If the parties agree to a waiver or consent, it is a good idea to get it in writing in case a dispute arises in the future.
In situations that require more than just a limited waiver or consent, a contract amendment may be appropriate. When you amend a contract, you change the original contract in some way. This can include adding, deleting, or correcting portions of the contract. The contract amendment does not replace the entire contract, but often substitutes a part of it.
It is important that the modification is in writing so that it can be attached to the written agreement. Often, a contract will specifically state that any changes need to be made in writing, so it is imperative to be mindful of that type of language. Nonetheless, the requirement to put changes in writing is not always enforced in court. It is still a good idea regardless because it allows everyone to be on the same page about the specific terms of the amendment.
If extensive changes are required, it might be better to simply create a new contract that has language based on the existing agreement.
Any change that occurs before the contract has been fully executed (signed) is not technically an amendment. You can change the terms of the contract before the parties sign it and it will be considered part of the initial contract. You can also make simple changes like correcting typos just before the contract is signed. Just make the change in pen and be sure that each party initials it.

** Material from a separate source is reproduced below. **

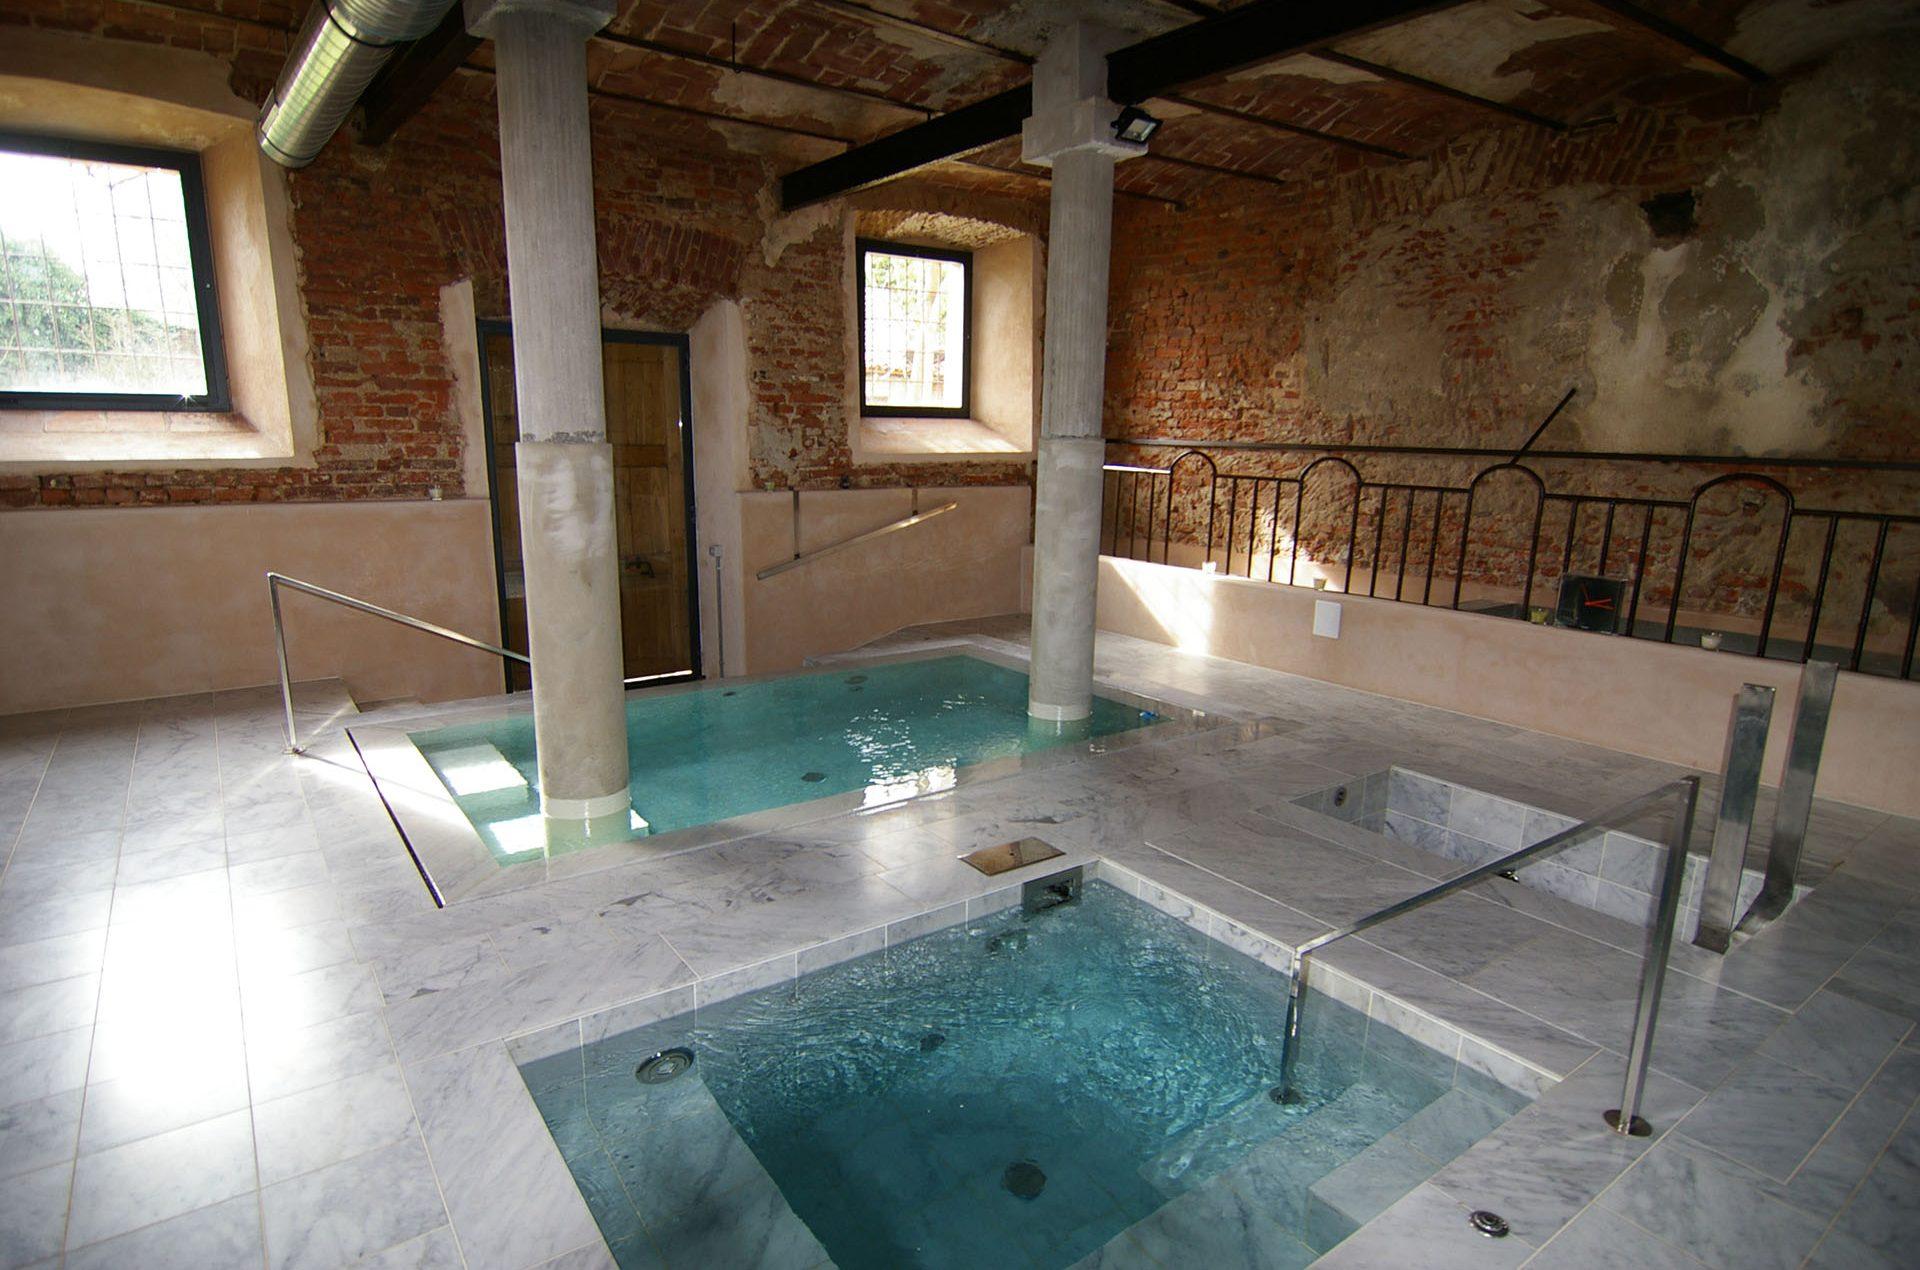 piscine verbano - un tuffo nella storia (3)

Any time the relationship deviates from the original contract, you should amend the contract to reflect the actual practices of the parties. You may also need to make a change if some provision of the contract does not appear to be working as planned. There are also situations where outside forces, such as prices of component parts or changes in regulations, may affect the contract.

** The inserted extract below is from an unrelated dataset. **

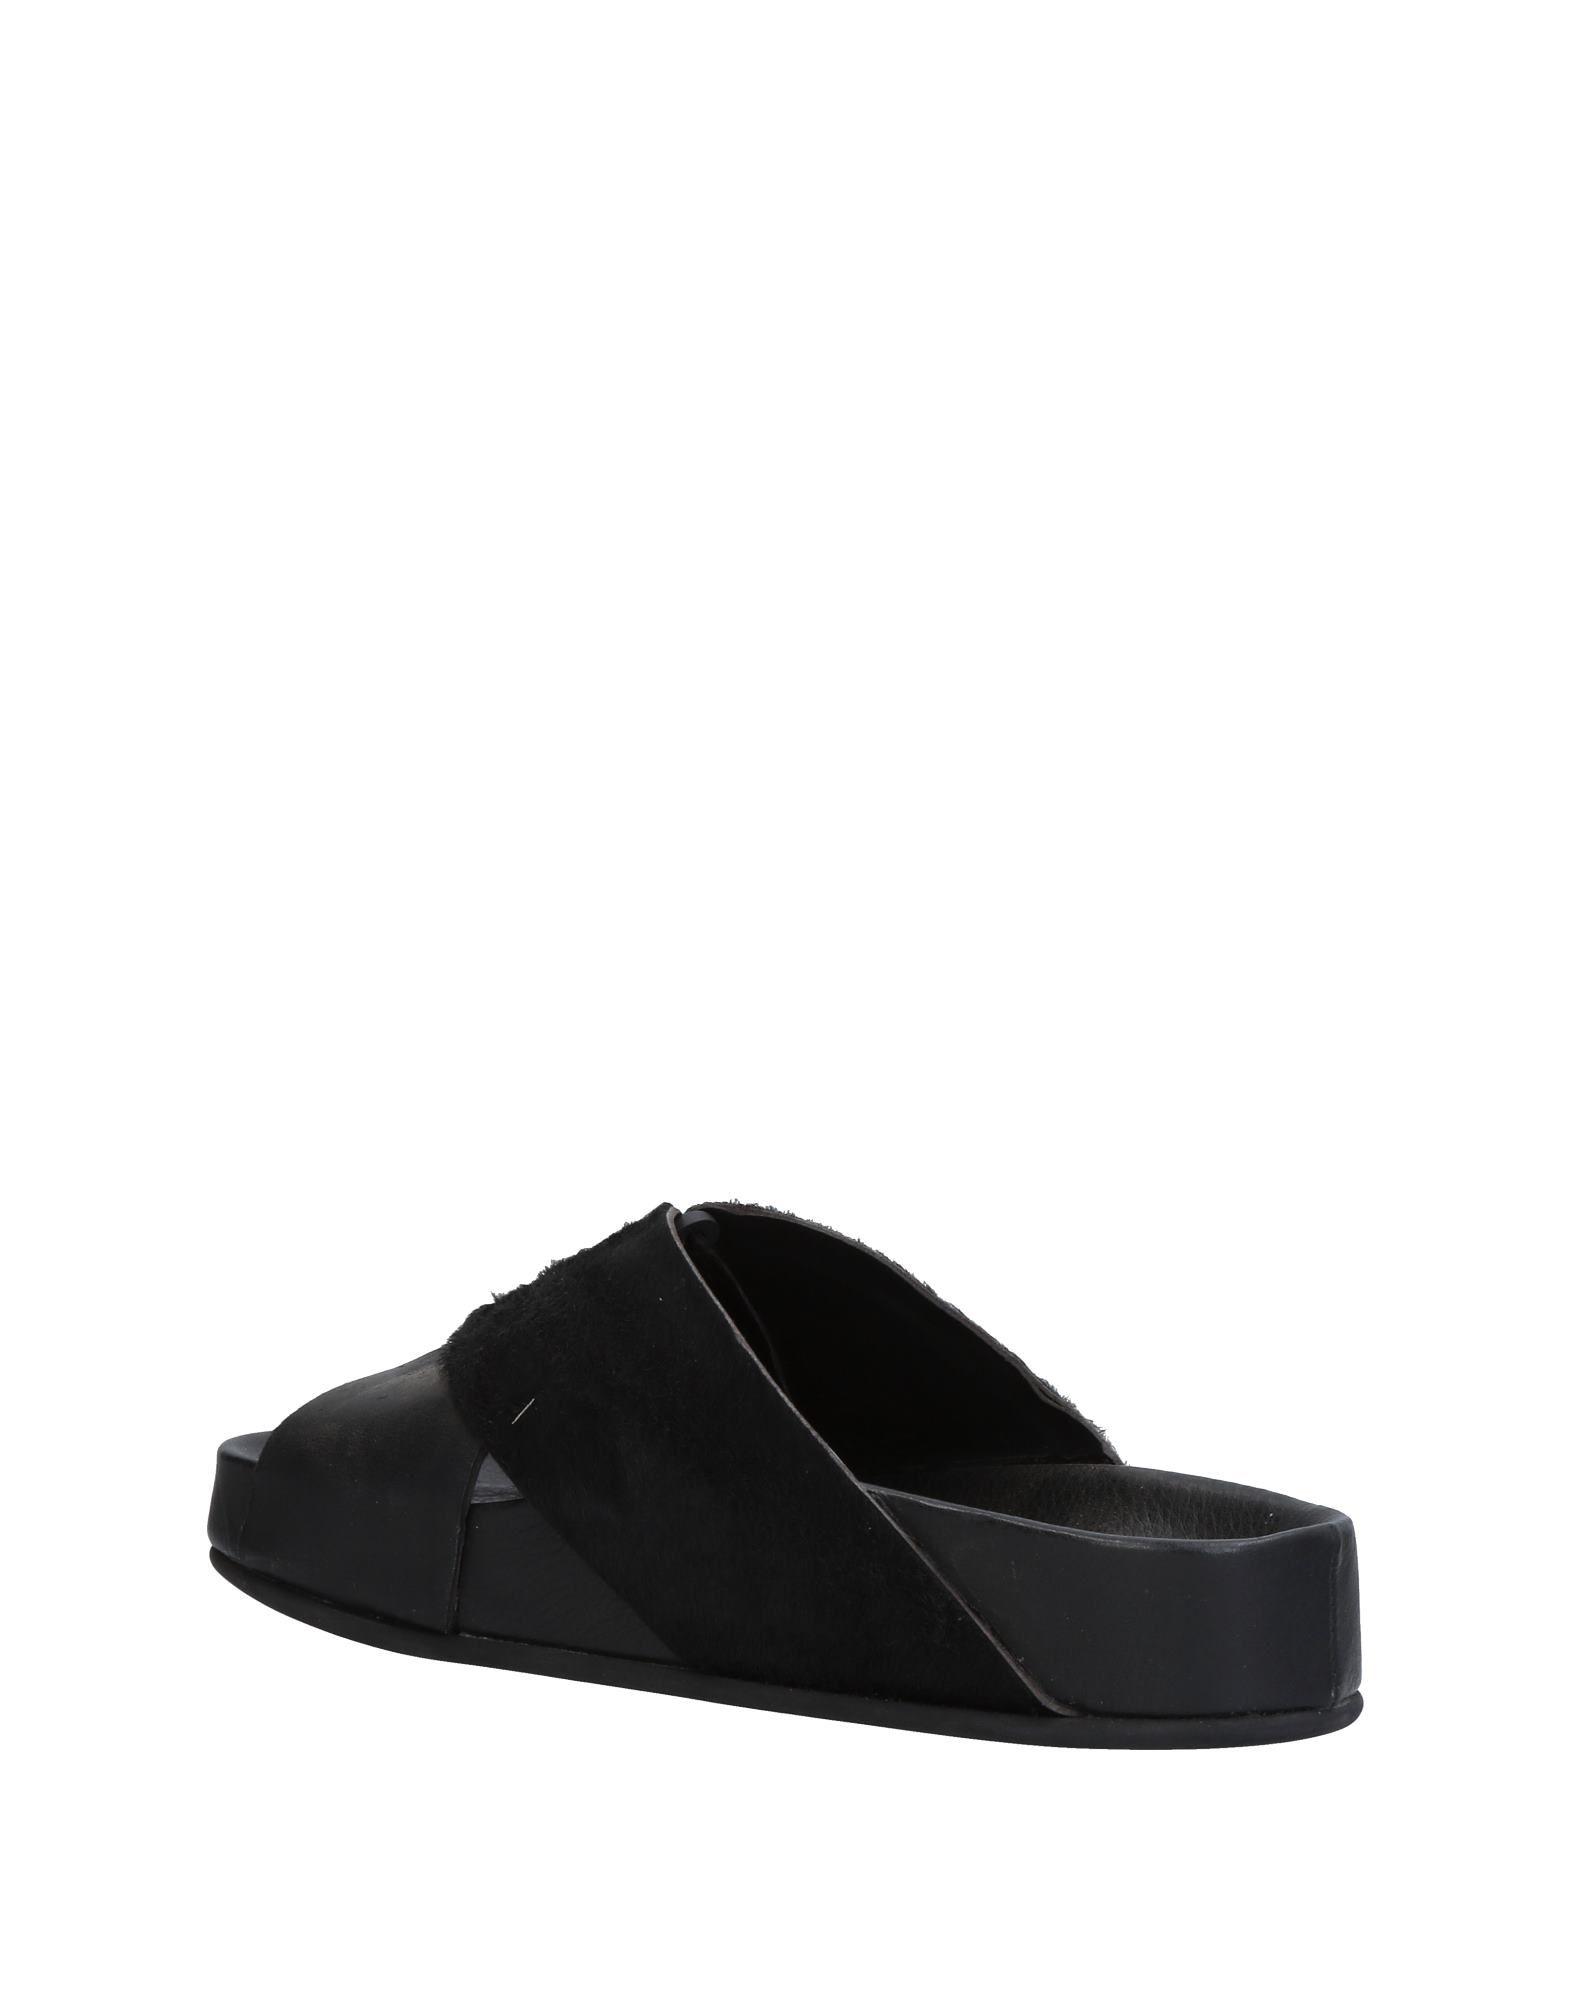 Klassischer Gutes Stil-3848,Leather Crown Sandalen Damen Gutes Klassischer Preis-Leistungs-Verhältnis, es lohnt sich 866f88

It is a good rule of thumb to make an amendment any time the parties agree to a change. Getting the amendment in writing will be important to future contract enforcement.
Contract amendments do not have to be as formal as the original contract. Instead, an amendment can take the form of a letter or it can mimic the format and layout of the original contract. There is no specific requirement that the modification take any precise form.
There are three general types of contract amendments, and each one will usually be valid under the law as long as both parties agree to the change.
You can make changes directly on the contract by using a redline or strikethrough method. This is a more informal way to make changes to contracts, but it is normally effective. You simply cross out the language that no longer applies and re-write the language that should be applicable. Just be sure that each party initials or creates a written agreement that reflects that they approve the changes to avoid disputes down the road. The alteration should be dated as well.
You can use a separate document to lay out how you would like to change an entire section. You should note at the beginning of the document which part it is that is being altered and when it is effective. Again, both parties should sign or initial and date the amendment to show that both sides agreed to the change. Creating this separate section is usually the easiest way to amend your contract clearly, and it can avoid misinterpretations that are sometimes associated with the other two methods.
Instead of changing the whole section or using the strikethrough method, you can spell out exactly how a section should be modified. Describe which portions should be stricken and what should be added to the contract. This method is sometimes harder to read, but it is often considered the most formal.
You can choose any method you would like to amend a contract, but having a separate document that lays out exactly what you are changing is often the most efficient way. You can also use a combination of one or more methods.